## Exercise
The whole listing below should be retyped exactly, without any images.

## Data section
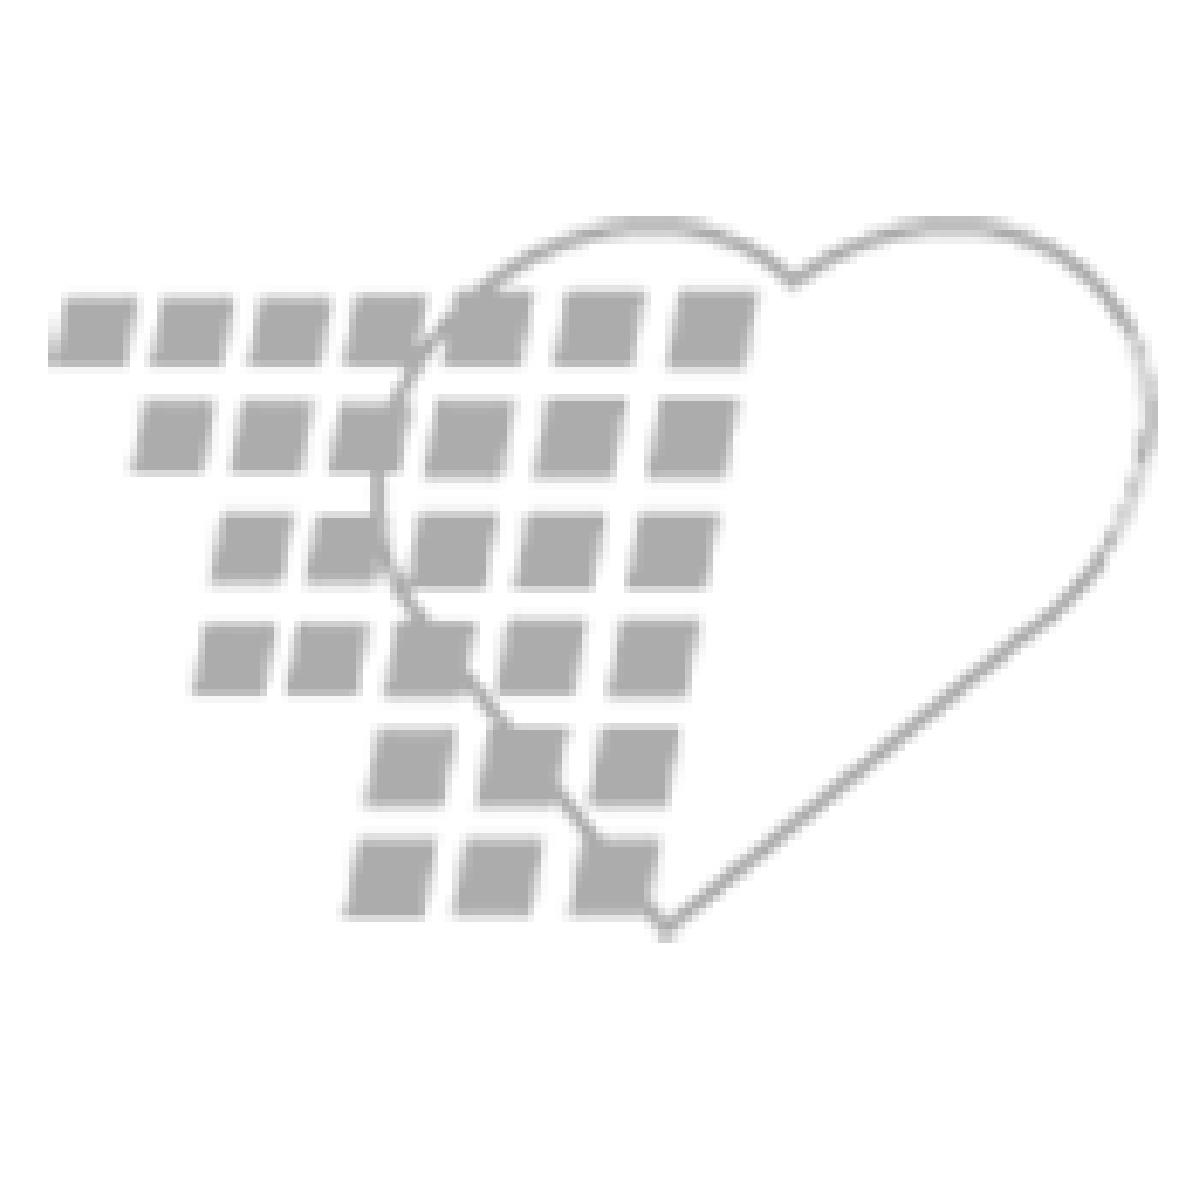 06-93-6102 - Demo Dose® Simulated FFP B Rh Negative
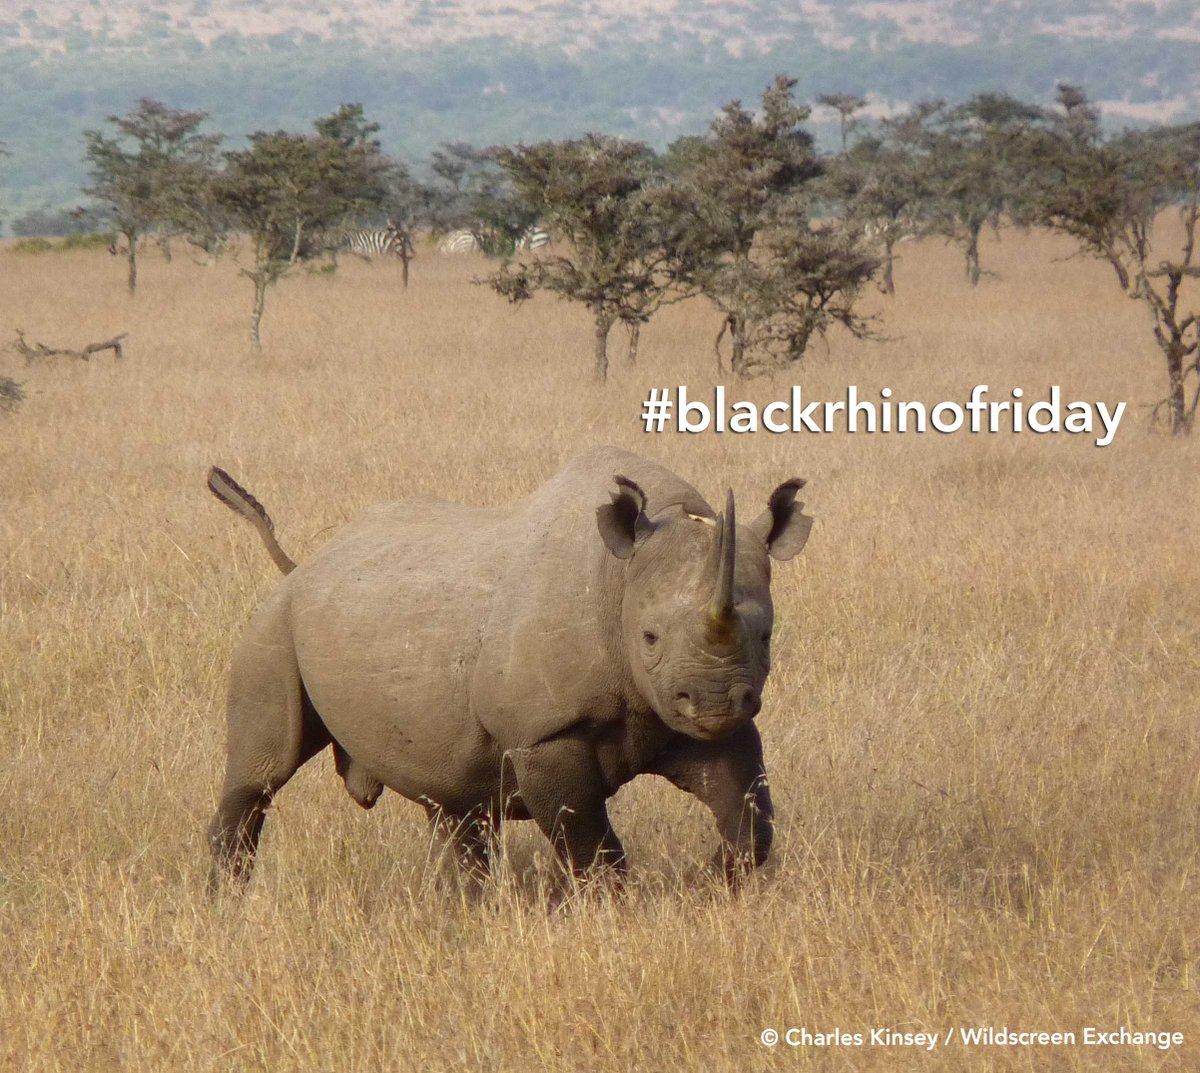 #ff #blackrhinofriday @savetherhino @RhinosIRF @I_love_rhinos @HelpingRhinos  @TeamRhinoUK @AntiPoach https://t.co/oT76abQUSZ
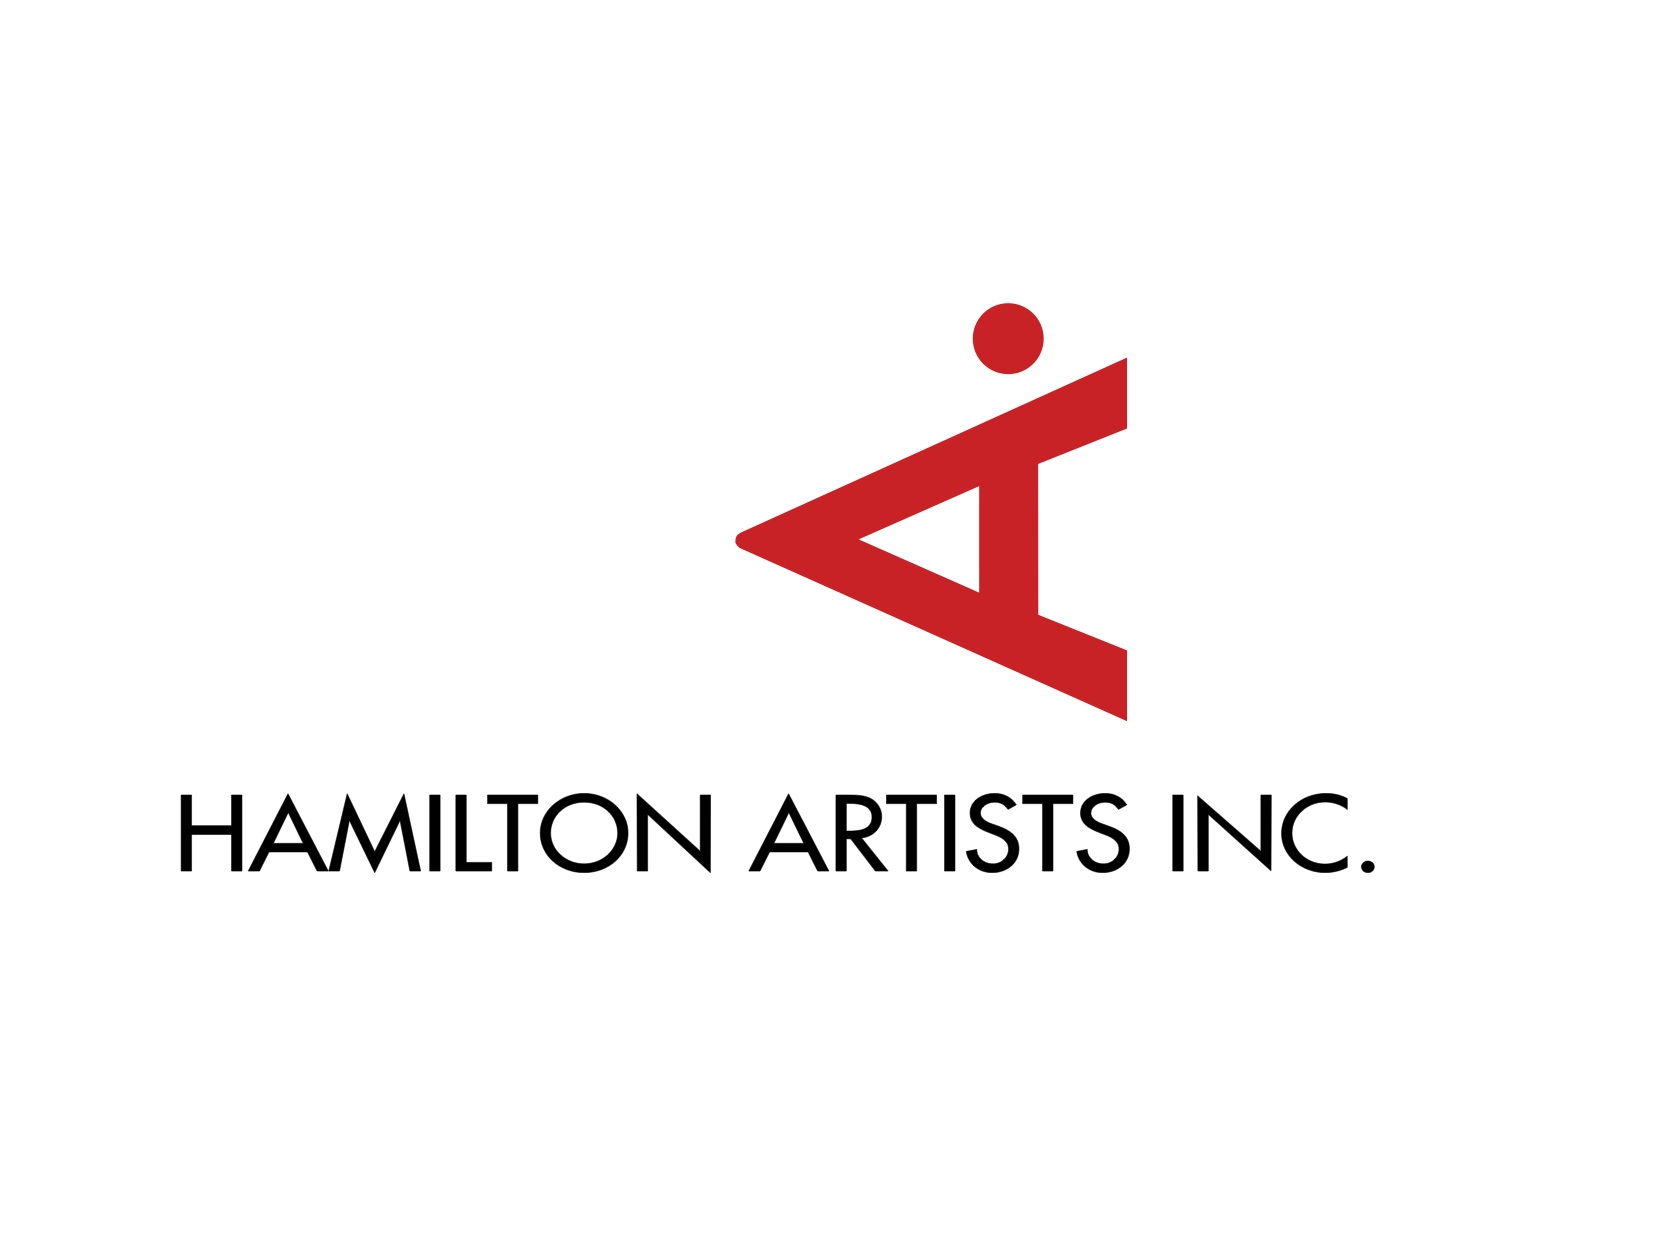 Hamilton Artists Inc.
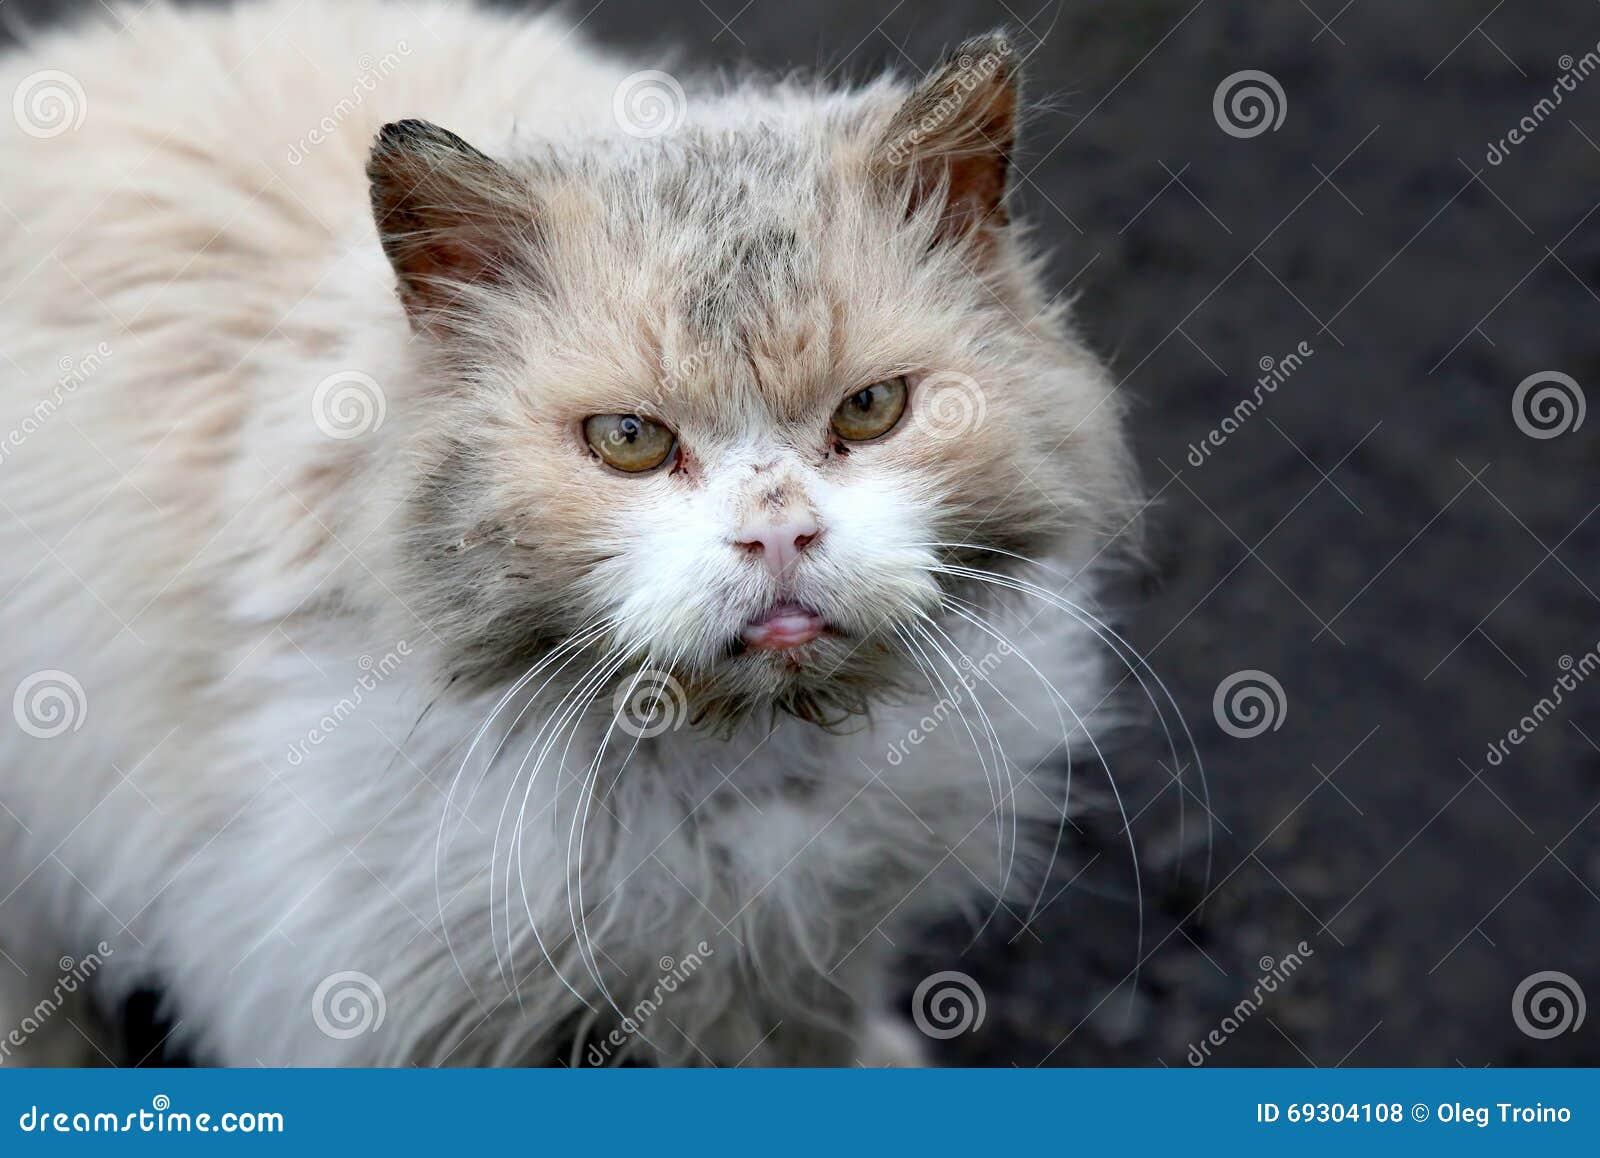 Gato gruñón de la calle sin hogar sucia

## Expected answer
 06-93-6102 - Demo Dose® Simulated FFP B Rh Negative
 #ff #blackrhinofriday @savetherhino @RhinosIRF @I_love_rhinos @HelpingRhinos  @TeamRhinoUK @AntiPoach https://t.co/oT76abQUSZ
 Hamilton Artists Inc.
 Gato gruñón de la calle sin hogar sucia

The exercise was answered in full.